Africa Space Works is opening a hands-on internship challenge for students and early-career engineers who want to work on demanding space software, embedded systems, FPGA and AI problems. The program is built around practical engineering: internal repositories, cloud workspaces, selected FPGA cards, remote or office participation, weekly delivery discipline, and monthly technical reviews.
The common challenge is to build a safe test bench for a real-time camera-based tracking system. The system will use camera input, computer vision, FPGA and embedded processing, measurable validation, and controlled actuator-style outputs to detect and follow small moving targets in a controlled environment.
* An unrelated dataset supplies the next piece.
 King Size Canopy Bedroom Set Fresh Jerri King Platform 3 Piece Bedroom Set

All tracks are connected. Track A enables execution, Track B proves performance, Track C builds the real-time hardware pipeline, and Track D builds the computer vision and AI tracking layer.
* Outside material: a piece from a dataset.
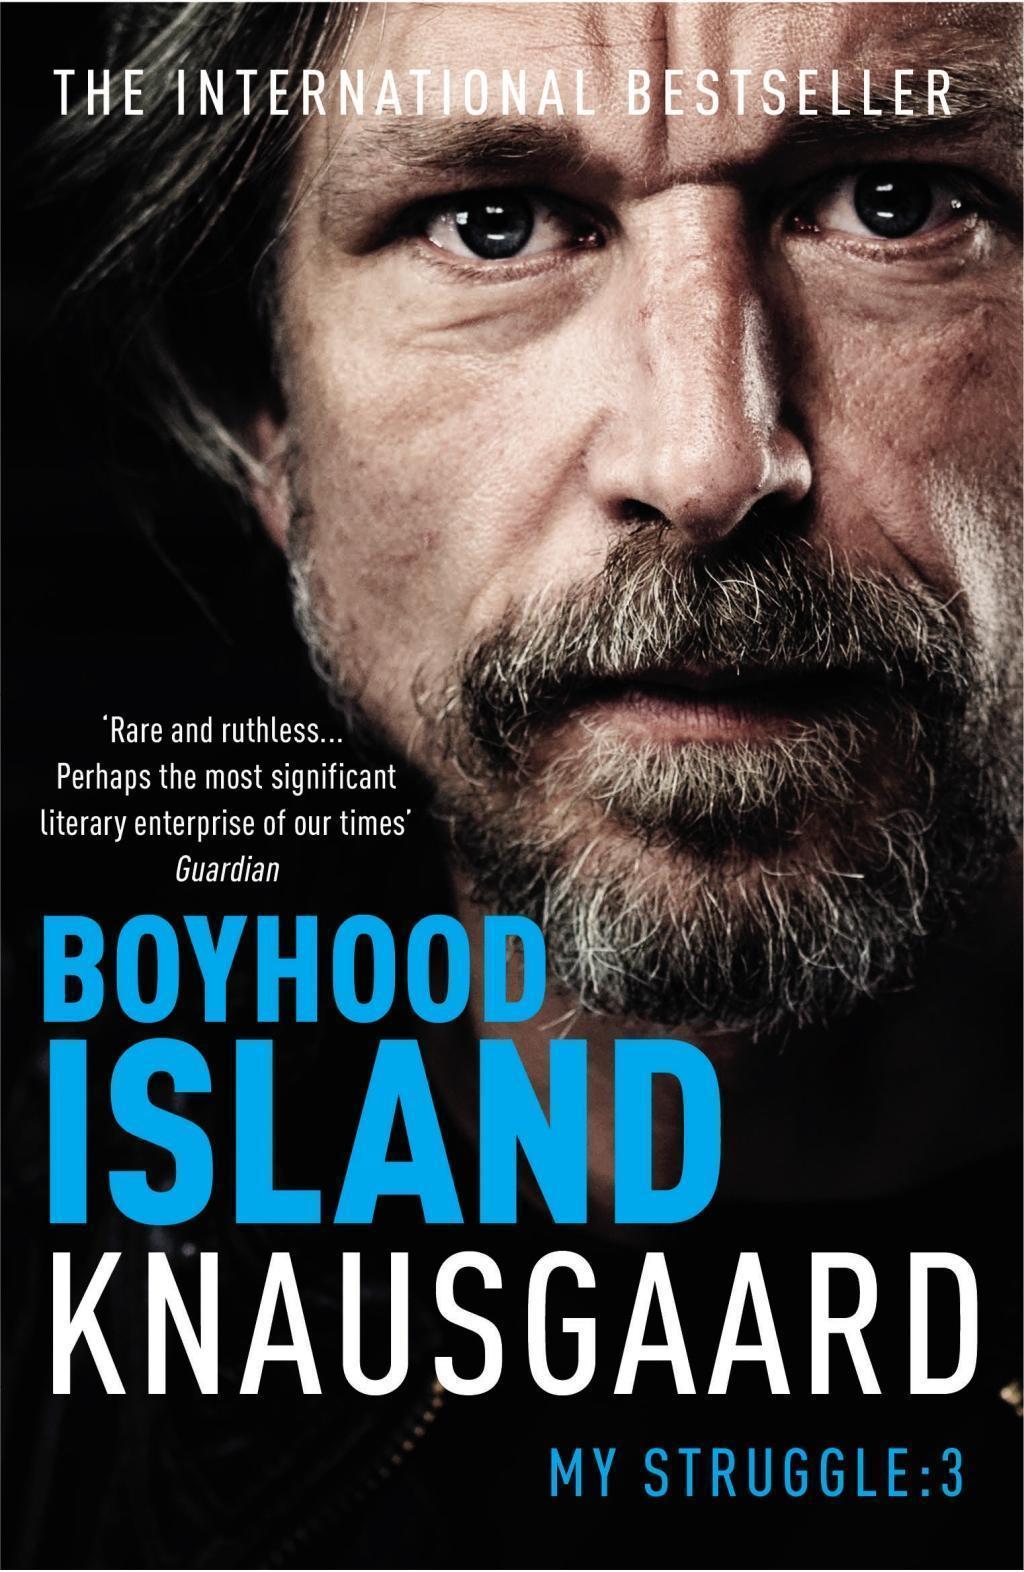 Boyhood Island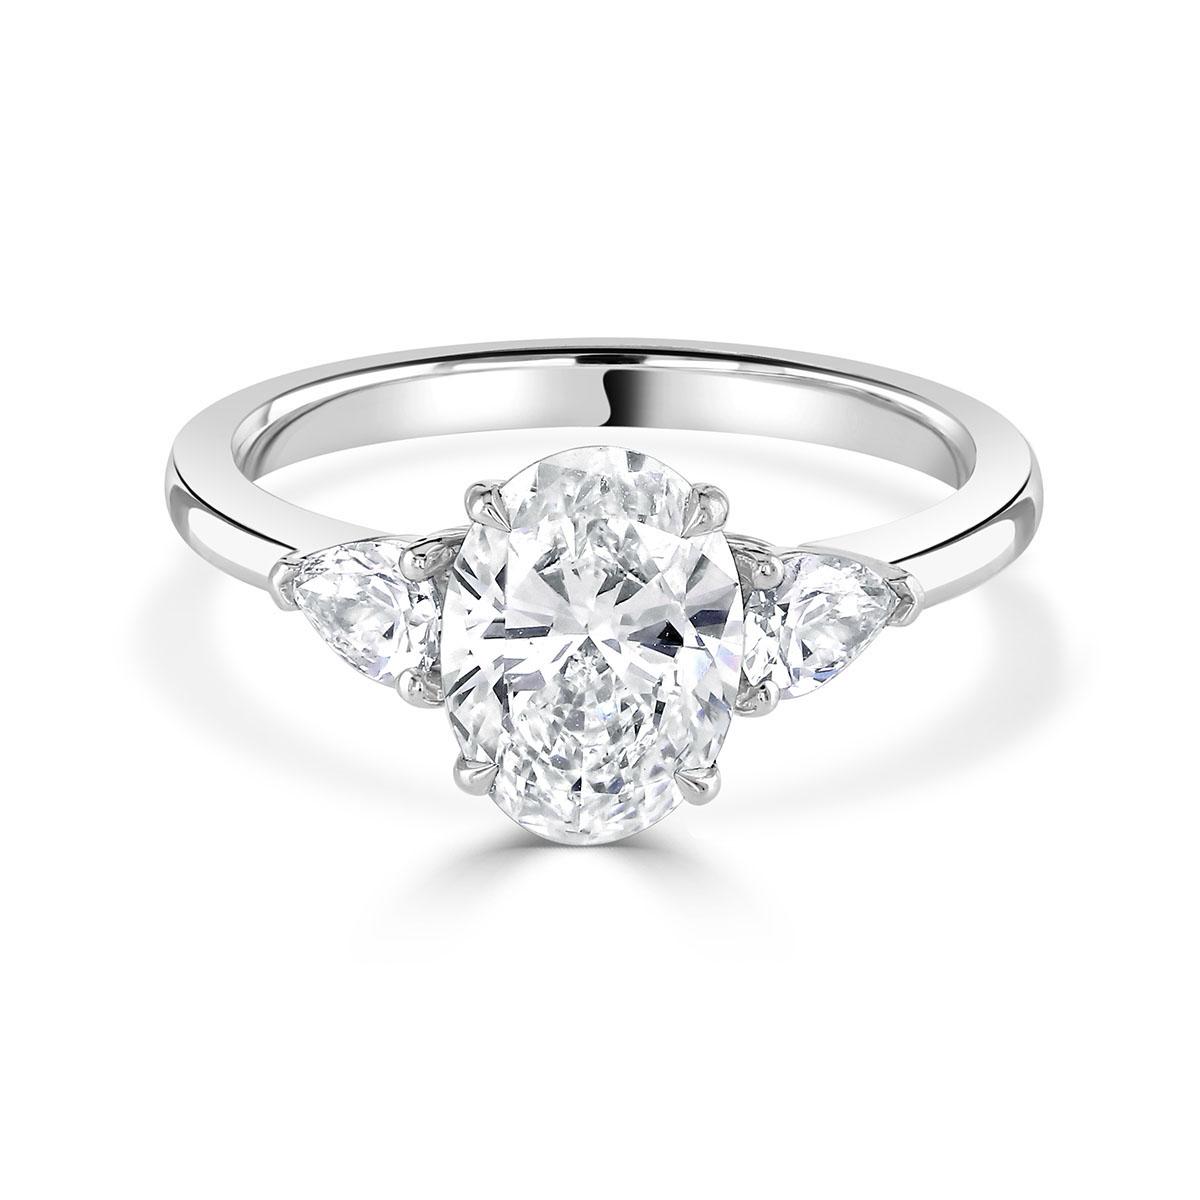 Oval Cut Platinum Trilogy Ring

As an intern on Track D, you will work as part of the computer vision and AI team. Your mission is to build the perception layer of the real-time tracking system: collect or generate useful data, detect moving targets from camera input, track them over time, estimate their trajectory, and reduce false positives.
This track must collaborate tightly with Track C. The goal is not only to create good Python notebooks or models, but to make the tracking logic practical, measurable and portable enough for FPGA and embedded engineers to implement, simplify or accelerate.
You will also work with Track B to turn tracking quality into repeatable evidence: datasets, replay videos, metrics, benchmarks and regression tests.